**WHAT IS REQUIRED:** Take the lines from the one containing "#Park #National #Ice" through the final line below and restate them exactly. Omit the pictures.

**MATERIAL PROVIDED:**
○ ○ ○

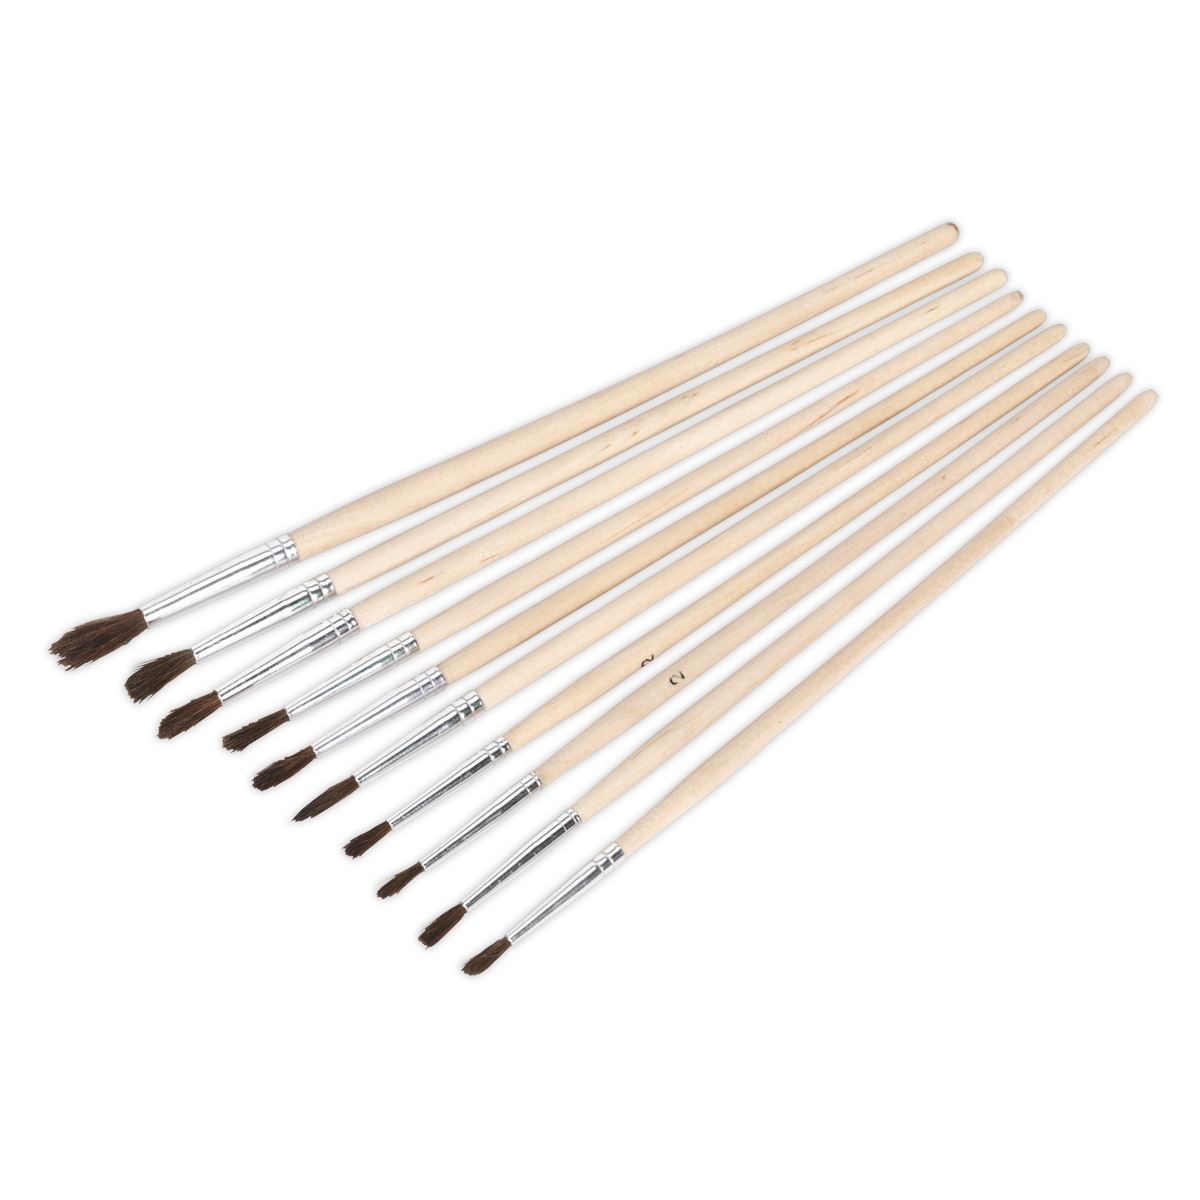 Sealey Touch-Up Paint Brush Assortment 10pc Wooden Handle
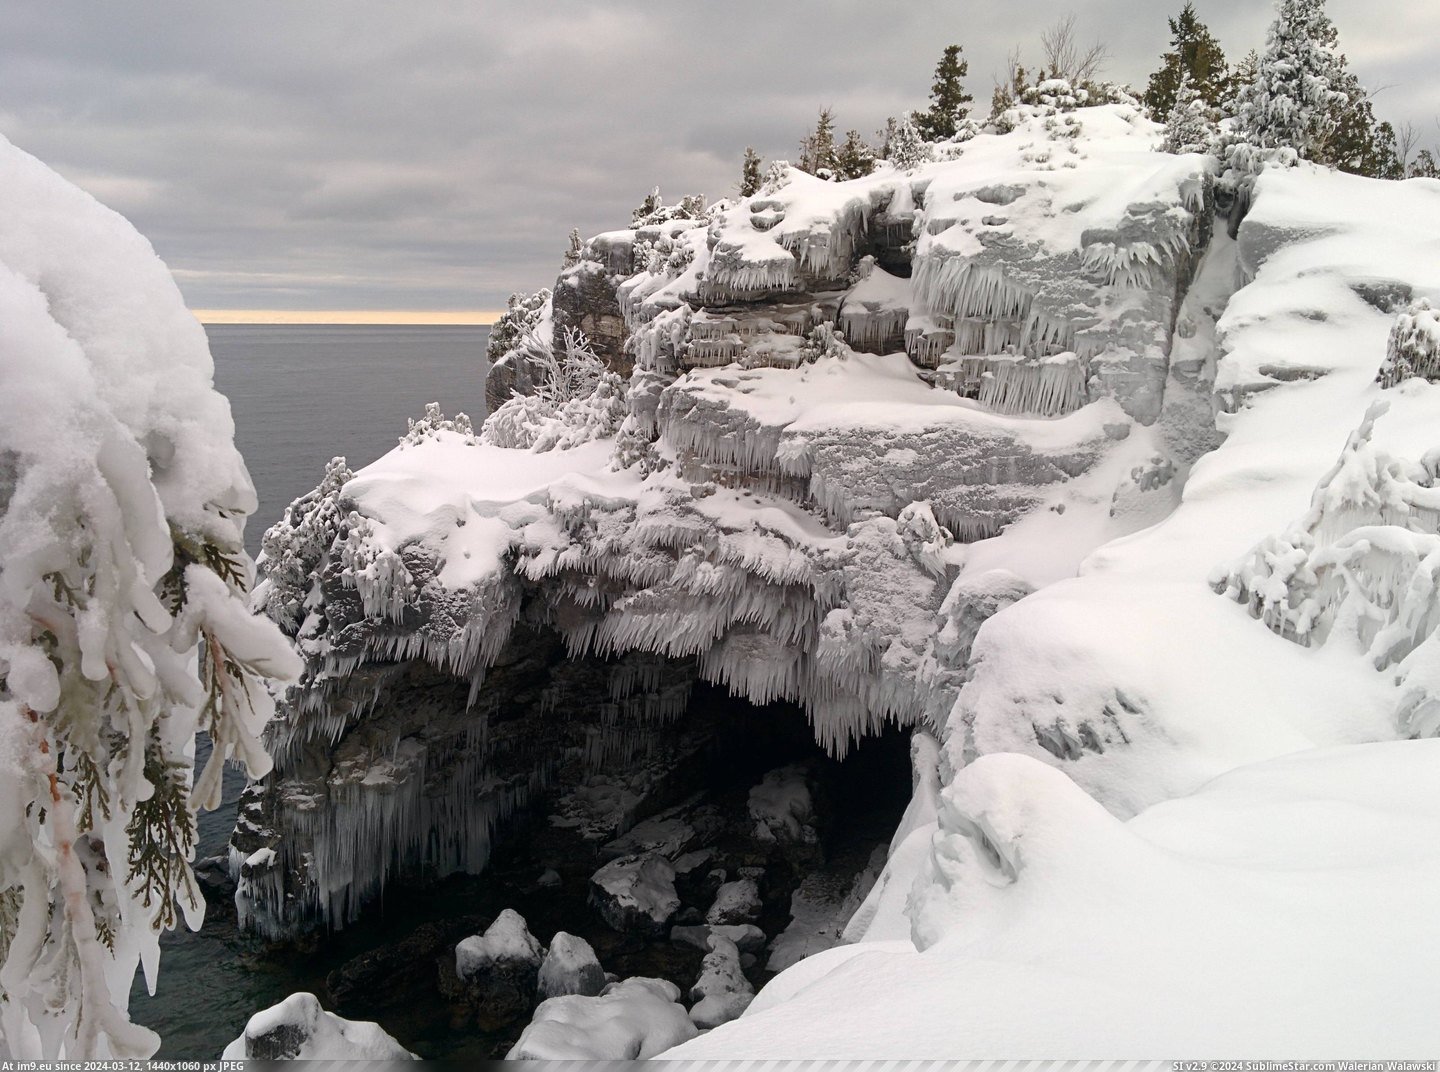 #Park #National #Ice #Bruce #Grotto #Ontario #Covered #Peninsula [Earthporn] The Ice-Covered Grotto, Bruce Peninsula National Park, Ontario CA [3200 × 2368] [OC] Pic. (Изображение из альбом My r/EARTHPORN favs))
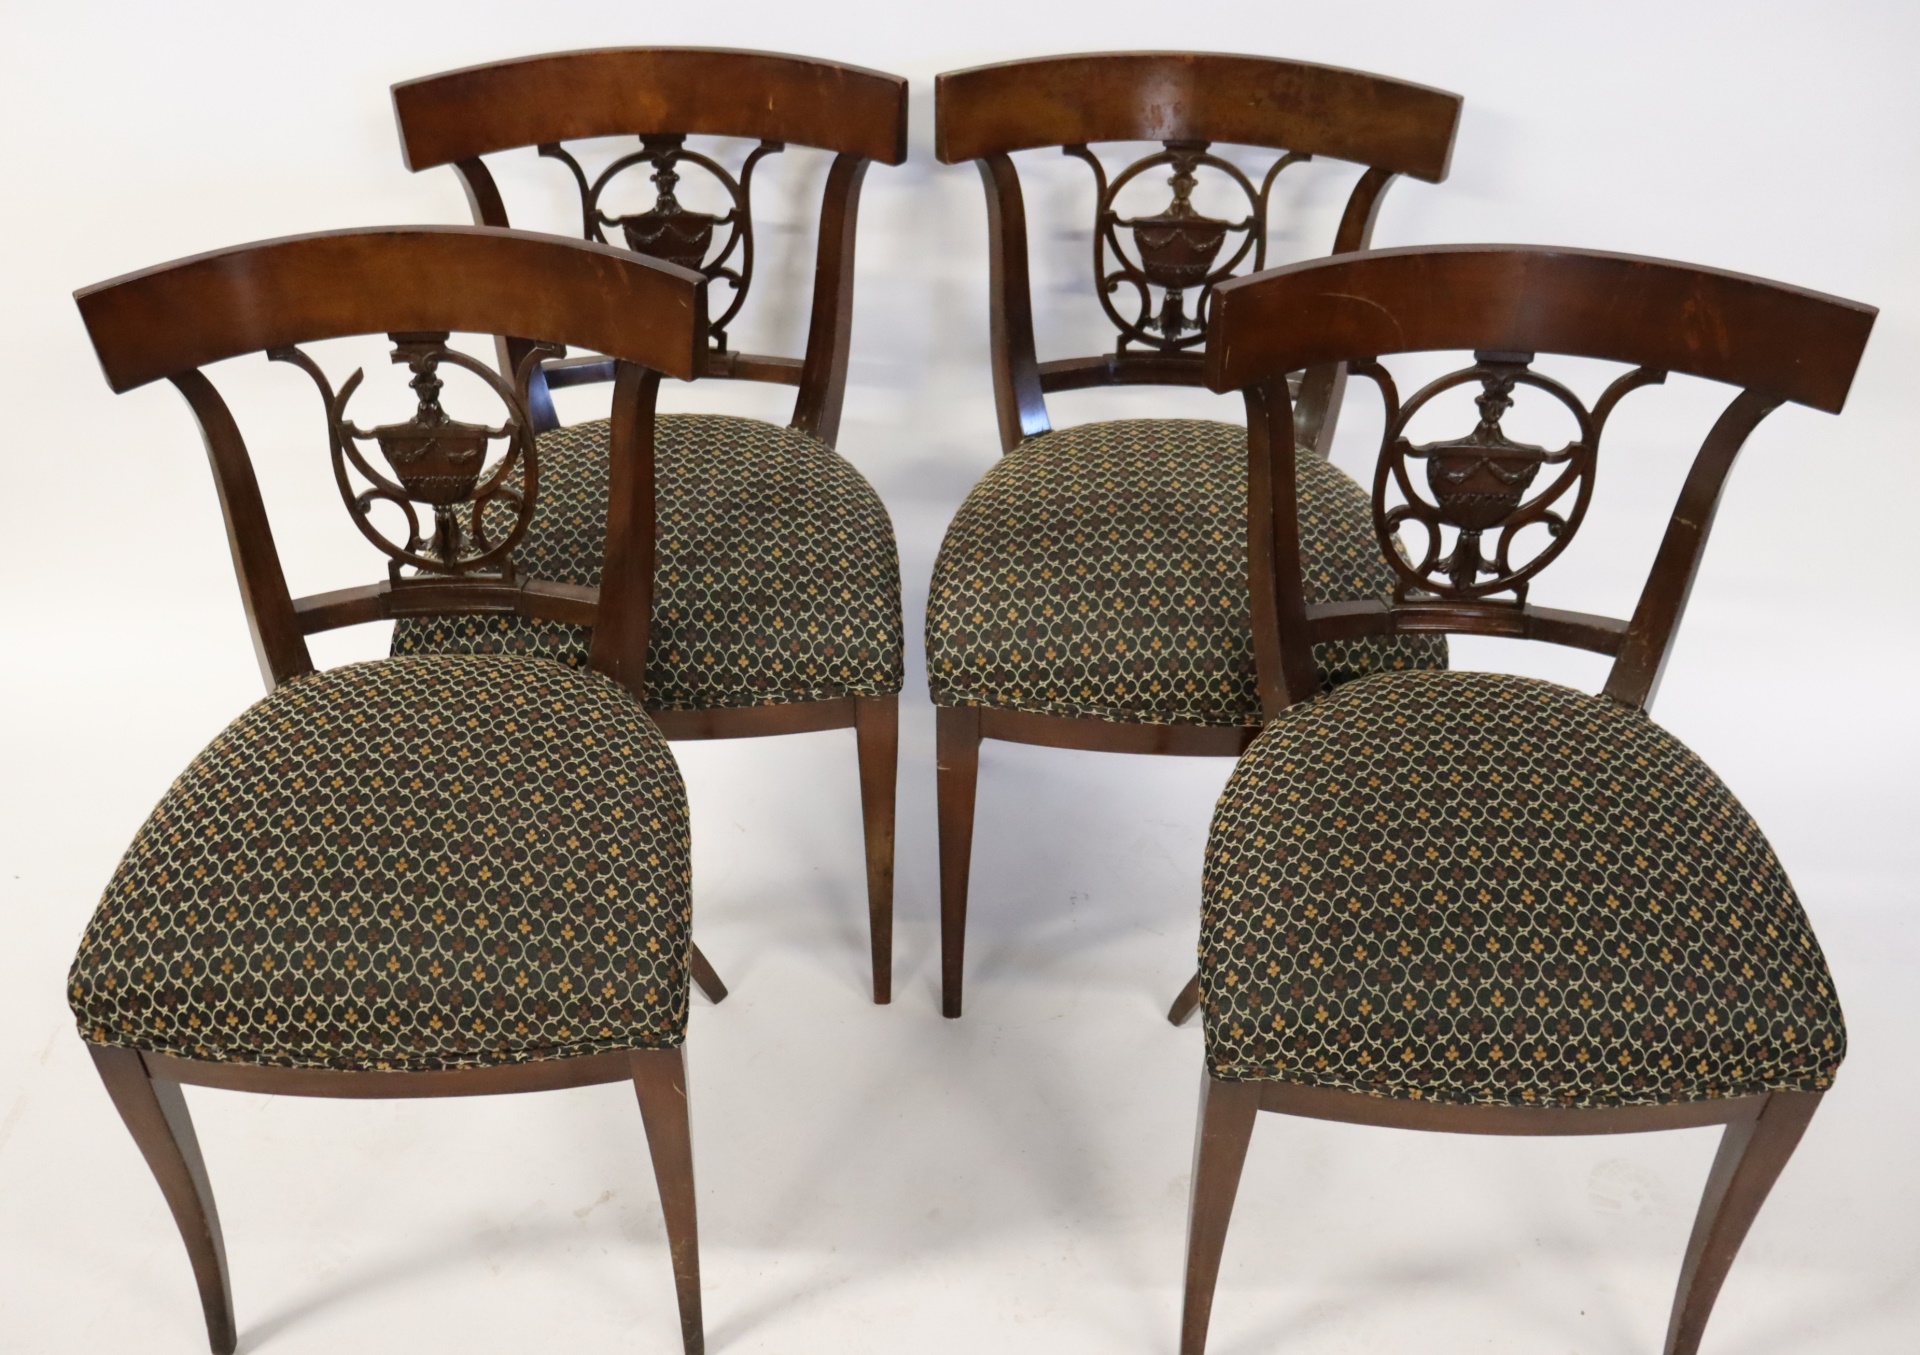 4 NEOCLASSICAL STYLE CHAIRS From

○ ○ ○

**THE ANSWER:**
 #Park #National #Ice #Bruce #Grotto #Ontario #Covered #Peninsula [Earthporn] The Ice-Covered Grotto, Bruce Peninsula National Park, Ontario CA [3200 × 2368] [OC] Pic. (Изображение из альбом My r/EARTHPORN favs))
 4 NEOCLASSICAL STYLE CHAIRS From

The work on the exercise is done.